Quantum annealing is a heuristic (faster problem-solving) technique that was introduced to solve hard optimization problems by exploiting quantum mechanical effects such as quantum tunnelling, entanglement, and superposition. There have been efforts to identify an application for which the device can outperform state-of-the-art methods. However, they have not yet been conclusive.
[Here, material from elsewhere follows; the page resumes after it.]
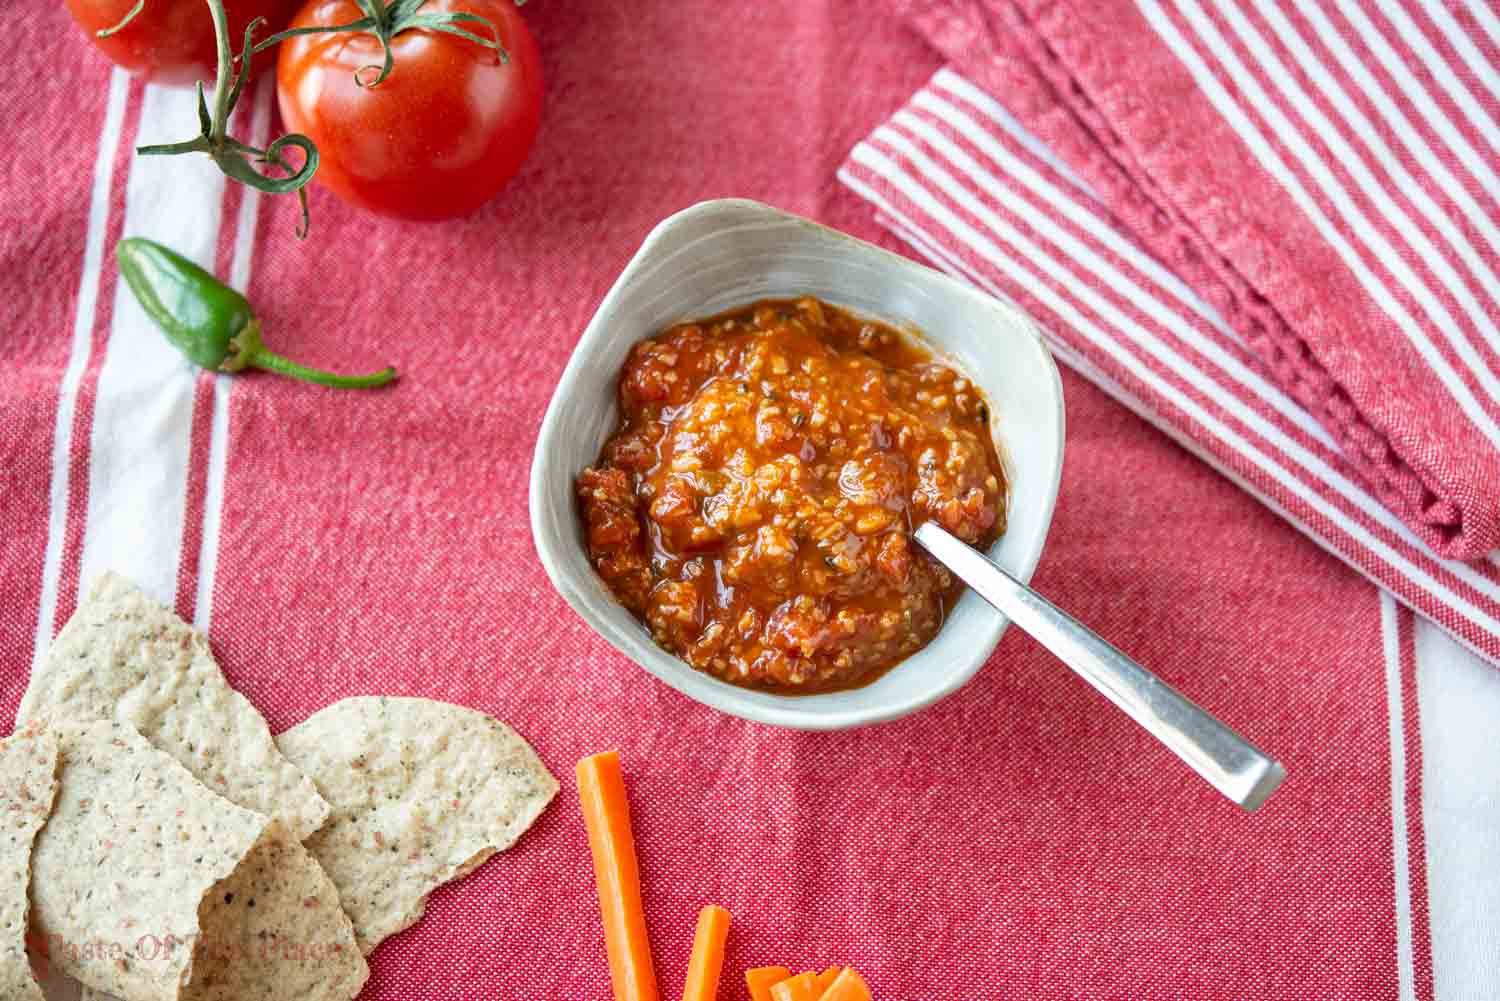 Tomato chutney with crispy crackers and carrot sticks

Interactive Demo of the Toolkit
The demo of BiDViT can display selected data at various levels of refinement so that an analyst can choose the one that is most useful. For example, the plots below show data from a direct marketing campaign of a Portuguese banking institution. The marketing campaign was conducted via phone call. Each data point represents a customer, with the colour signifying whether the customer signed up for the advertised product (red indicates a lower subscription rate and blue a higher subscription rate). In the first figure, all data points are visualized. The second figure shows the data after 17 levels of coarsening. The third figure shows a histogram of the distribution of data in a selected cluster. With the insights gained from using BiDViT, a user may adjust parameters for each of the subclusters.
References
1 T. Jaschek, M. Bucyk, J. S. Oberoi, “A Quantum Annealing-Based Approach to Extreme Clustering”. In: K. Arai, S. Kapoor, R. Bhatia (eds.) Advances in Information and Communication. FICC 2020. Advances in Intelligent Systems and Computing, vol 1130. Sprinter, Cham. (2020).